Raw sequencing data was first processed through the Cogent NGS Immune Profiler software using standard settings. This resulted in an unbalanced dataset that was subsequently used for all proportional analyses and is subsequently referred to as the immune profiler dataset. To mitigate bias introduced through unequal RNA input, we included a subsampling step in the data processing. Higher RNA input amounts led to lower repertoire coverage and thus a lower oversequencing threshold (reads per unique molecular identifier). We therefore integrated an additional subsampling step on the level of collapsed reads prior to clonotyping in MIXCR. To do so, oversequencing threshold in MIGEC was manually set to 1, allowing all reads at this initial stage to be kept. Subsampling was performed by sample and clonal chain. A cut-off threshold of 2 was selected for the sample with the lowest read number (Ctrl3, TRA, R1) to remove low-coverage, low-fidelity singletons while keeping the most possible data.
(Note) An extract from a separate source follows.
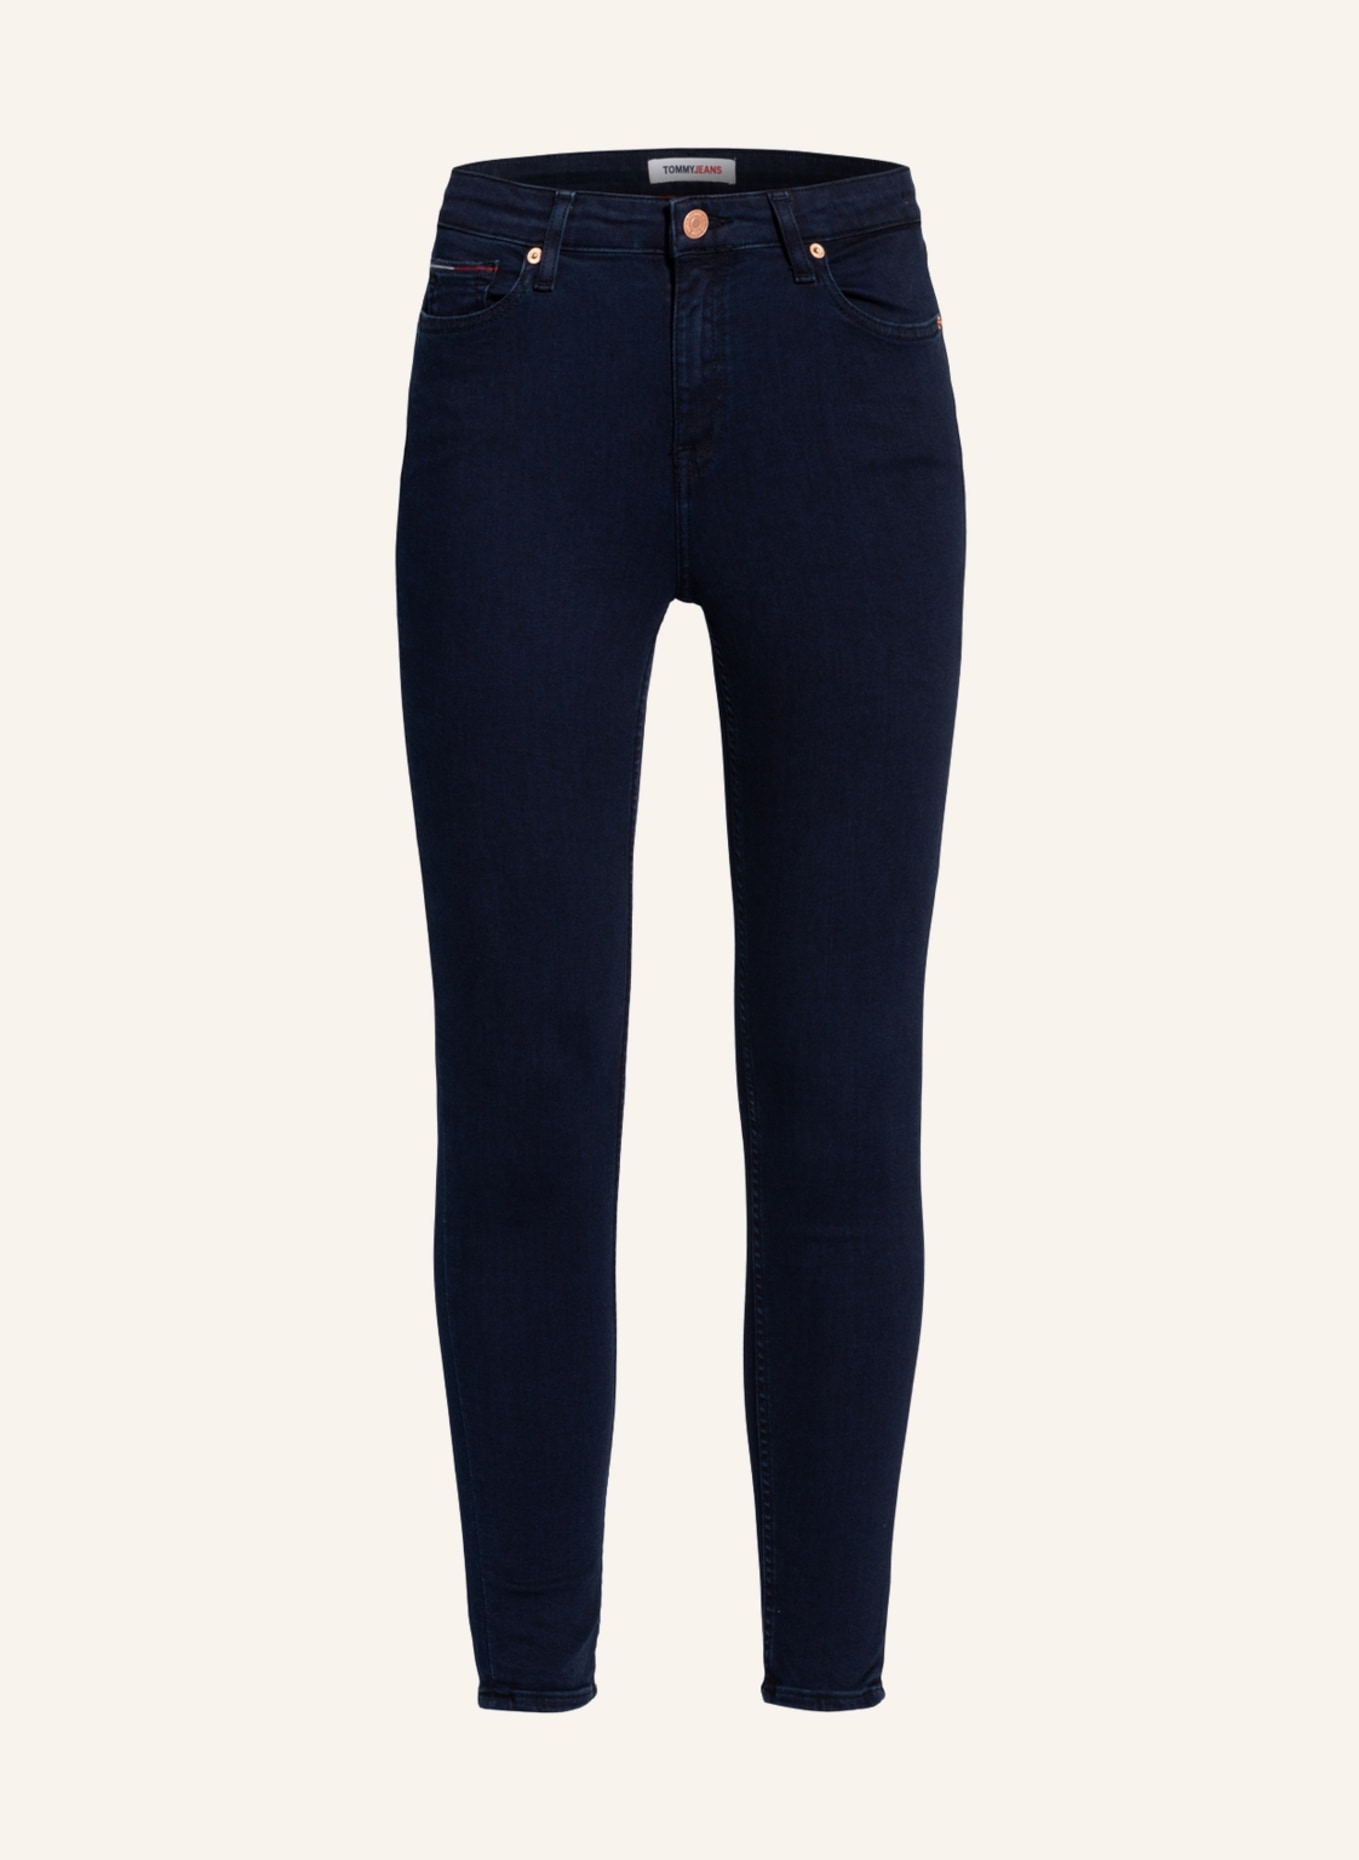 TOMMY JEANS Skinny Jeans NORA , Farbe: 1BK Avenue Dark Blue Stretch (Bild 1)

This led to 13,139 collapsed reads for this particular sample. All other samples were then subsampled to this same number of collapsed reads, starting from highest sequencing depth, retaining the best quality reads. Resulting unique molecular identifier coverage distributions and cut-off thresholds are shown in supplementary figure S1 (in the appendix). Subsampled reads were then run through MIXCR for sequence assembly and clonotyping and resulting sequence numbers are shown in table 2. Junction length and gene proportion analyses were performed on the immune profiler dataset whereas repertoire diversity, which is more sensitive to input bias, was calculated on the subsampled dataset.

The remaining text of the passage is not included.